I should have liked this more than I did. I think I’m due for a truly stellar Smackdown next week, between this and the quail.

crab ravioli in herb sauce, in various stages of constructions

One small consolation: since I was dining alone tonight, I only used a fraction of the wonderfully sweet lump crabmeat I’d bought to fill these ravioli in fresh herbs from Tyler Florence’s Eat This Book, so I have plenty of crab left over to go into a quiche tomorrow night that I have no doubt will be more enjoyable than these ravioli. Not that they were awful. Just…disappointing.
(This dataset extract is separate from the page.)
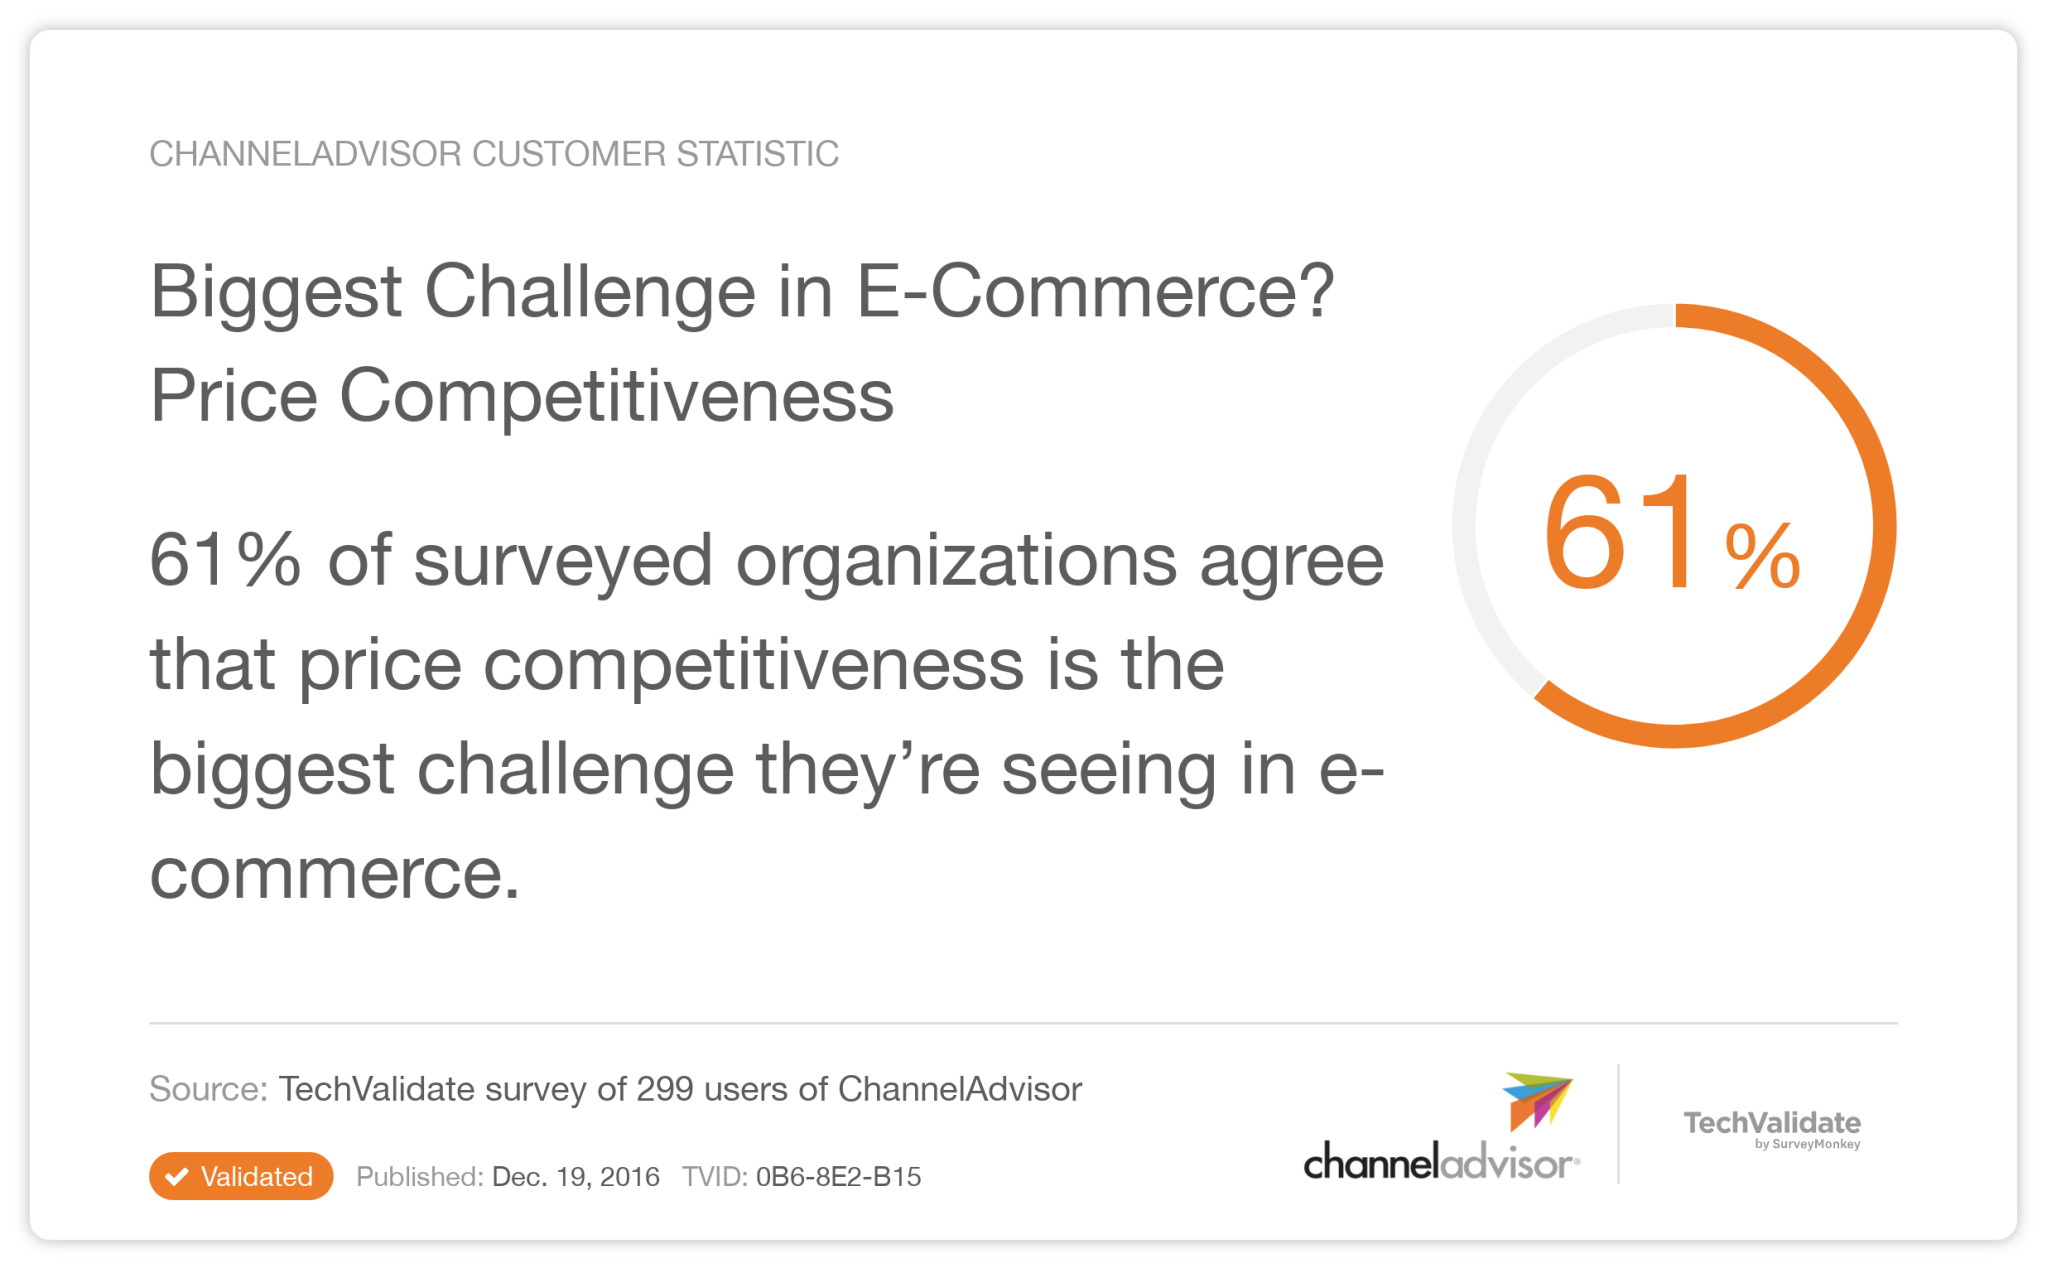 Price competitiveness is the biggest challenge in eCommerce

Like how your parents felt the first time they called you at college and you were totally hung over. Not angry, disappointed. You know they always thought you’d be different.

But then, we always knew you’d turn into a lush as soon as you got away from them.

Let me back up: For there may be some people saying, “But Michelle! You have long been vociferous in your belief that Tyler is an enormous douche! And now we find out that not only do you have a cookbook of his, but you USE it?” To which I say: yes. I own a Tyler Florence book. Unlike the Paula Deen* book that my sister gave me as a Christmas gift, I assume as a practical joke, I actually purchased the Tyler Florence book with real cash money. And I’ve used it before**, and found it twee but good. I’ve also made one or two recipes of his from the Food Network and enjoyed them.

*Make sure you’re seated when you click on this. Also make sure you’ve not eaten for 4-6 hours prior.

**I apologize for the title of that post. I was new here.

crab ravioli in herb sauce, in various stages of constructions

So he goes into the same camp as Rocco DiSpirito: a pretty douchey guy who can put some good flavors together, although to be fair, they are different varieties of d-bag.

I’m not going to belabor that point, because god knows I’ve already wasted enough precious words on my less-than-warm and fuzzy feelings toward those particular culinary blots. Instead, I’m going to waste words talking about this disappointing ravioli.

On paper, this sounds like it should be a winner, no? Fresh pasta stuffed simply with crab kissed with lemon, salt and pepper, napped – yes, I said napped – in a puree of fresh herbs fortified with anchovy, garlic and a little cream. I mean, it’s not like I chose the recipe thinking, “You know, this will probably suck; let’s see how badly!” I love crab, I love ravioli, I haven’t made fresh pasta in a long time…it all started on such a high.

crab ravioli in herb sauce, in various stages of constructions

I was really looking forward to this. I took a nap when I got home, to make sure I wouldn’t get too tired and cranky while cooking as I am wont to do after a long workday, especially when someone has neglected to leave me the iPod and I have to cook without belting along to my “embarrassing songs that are only to be listened to while completely alone” playlist.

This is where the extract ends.